Florida Primary 2002: Back to the Future

<"Rebecca Mercuri" <notable@mindspring.com>>
Wed, 11 Sep 2002 03:14:39 -0400

Well, Florida's done it again.

Tuesday's Florida primary election marked its first large-scale roll-out of
tens of thousands of brand-new voting machines that were promised to resolve
the problems of the 2000 Presidential election.  Instead, from the very
moment the polls were supposed to open, problems emerged throughout the
state, especially in counties that had spent millions of dollars to purchase
touchscreen electronic balloting devices.

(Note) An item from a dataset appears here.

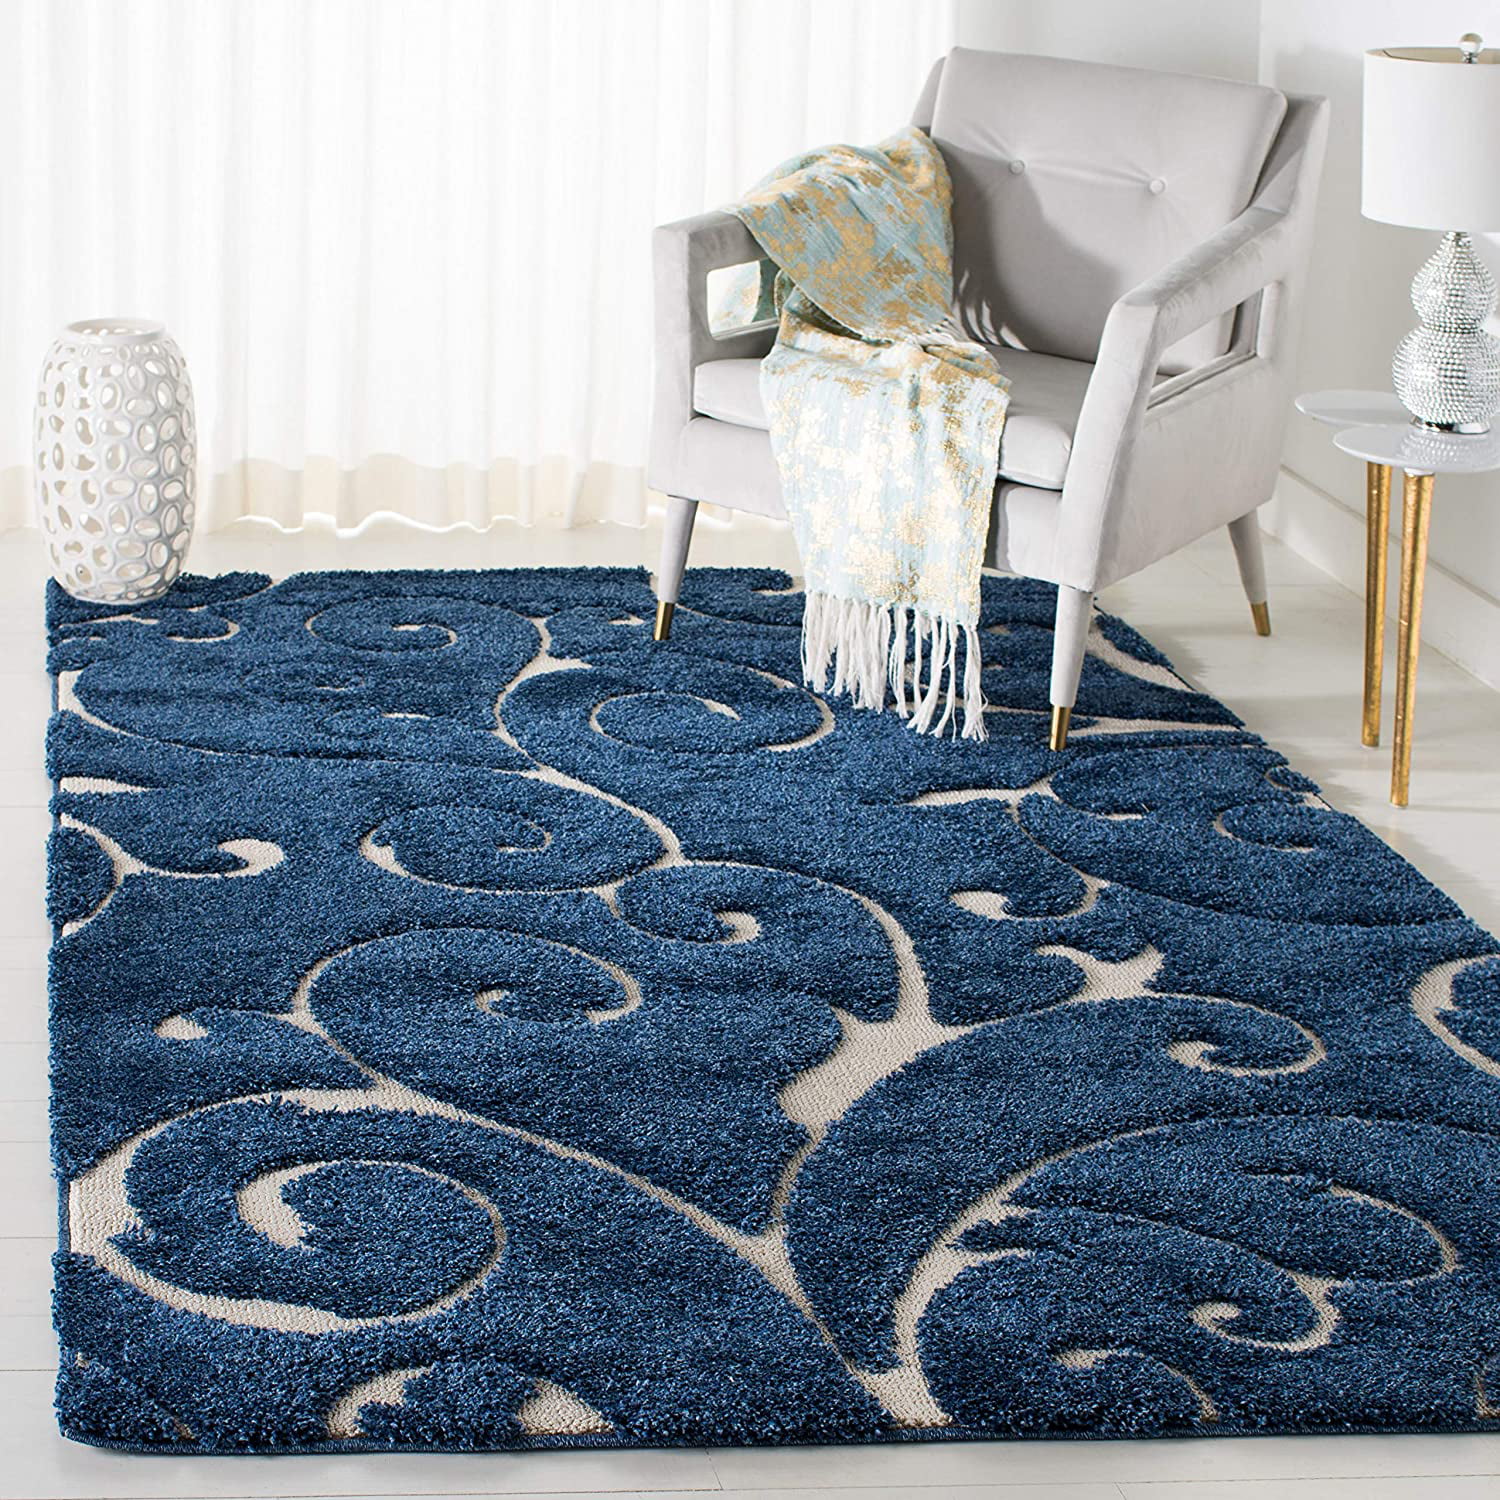 Beige/Blue Grey 4' x 6' SAFAVIEH Florida Shag Collection SG455 Scrolling Vine Graceful Swirl Textured Non-Shedding Living Room Bedroom Dining Room Entryway Plush 1.2-inch Thick Area Rug 
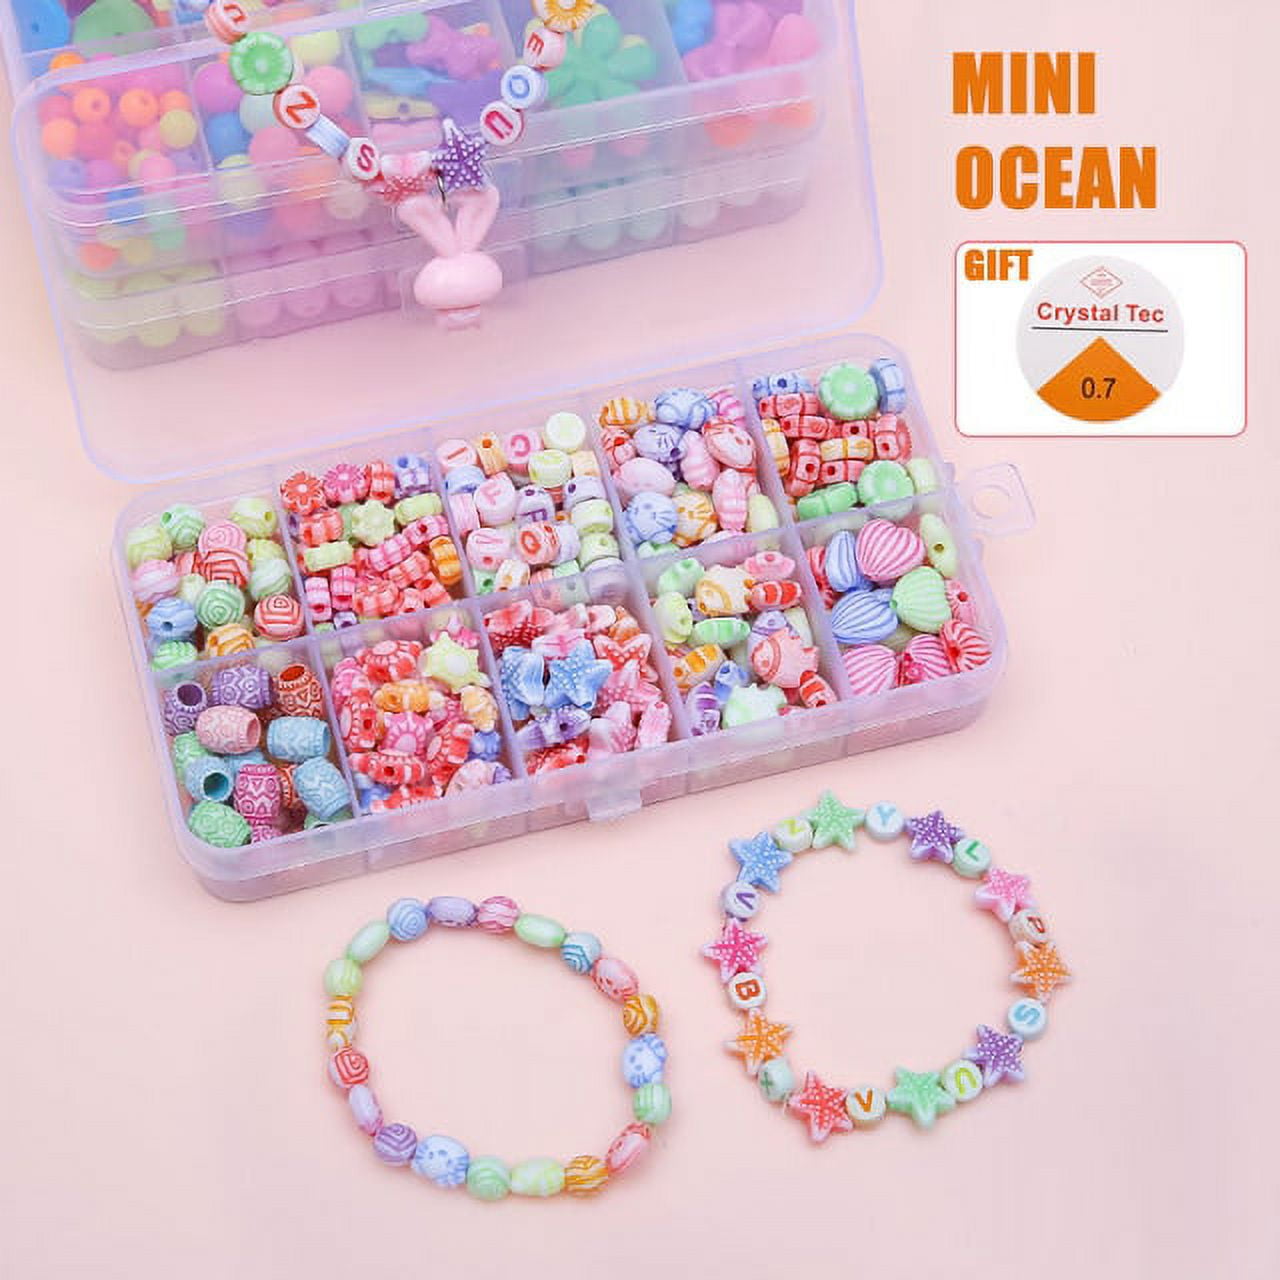 250-700PCS Girls DIY Bead Set Jewelry Making Kit for Kids Pearl Beads for  Bracelets Rings Necklaces Creativity Kits Art Craft

Florida voters, including Gubernatorial candidate Janet Reno, experienced
delays (ranging from minutes to hours) due to touchscreen machines not
working properly or at all.  Reno, and others (including Duval County
officials) reportedly sought court orders requesting additional time for the
day's voting session. Governor Jeb Bush granted a two hour extension, but
some of the polling places did not receive notice and shut down their
machines at 7PM, only to discover that restart was impossible because of the
way the machines had been designed.

In addition to polls and machines that opened late, many precincts reported
problems with some electronic cards voters used to activate their ballots.
A few machines in Miami-Dade County reset themselves while voters were
trying to vote.  Even the mark-sense ballots proved troublesome -- in Orange
County many votes will have to be hand-counted because defects made them
unreadable by the optical scanners.

Lest readers think that Florida is alone with these election problems, other
states, including Georgia and Maryland, have also reported similar
difficulties with touchscreens.  Problems in MD led 4 counties there to
commission a report from UMD, which revealed serious reliability concerns,
due to "catastrophic failure," "malfunction," and "unusability" of one of
the two machines they were given for testing.  The Association of Computing
Machinery's Special Interest Group on Computer Human Interaction (ACM
SIGCHI) offered to perform similar evaluations on Palm Beach's new voting
equipment, urged by U.S. Representative Robert Wexler, but the offer was
declined by the County's Board of Elections.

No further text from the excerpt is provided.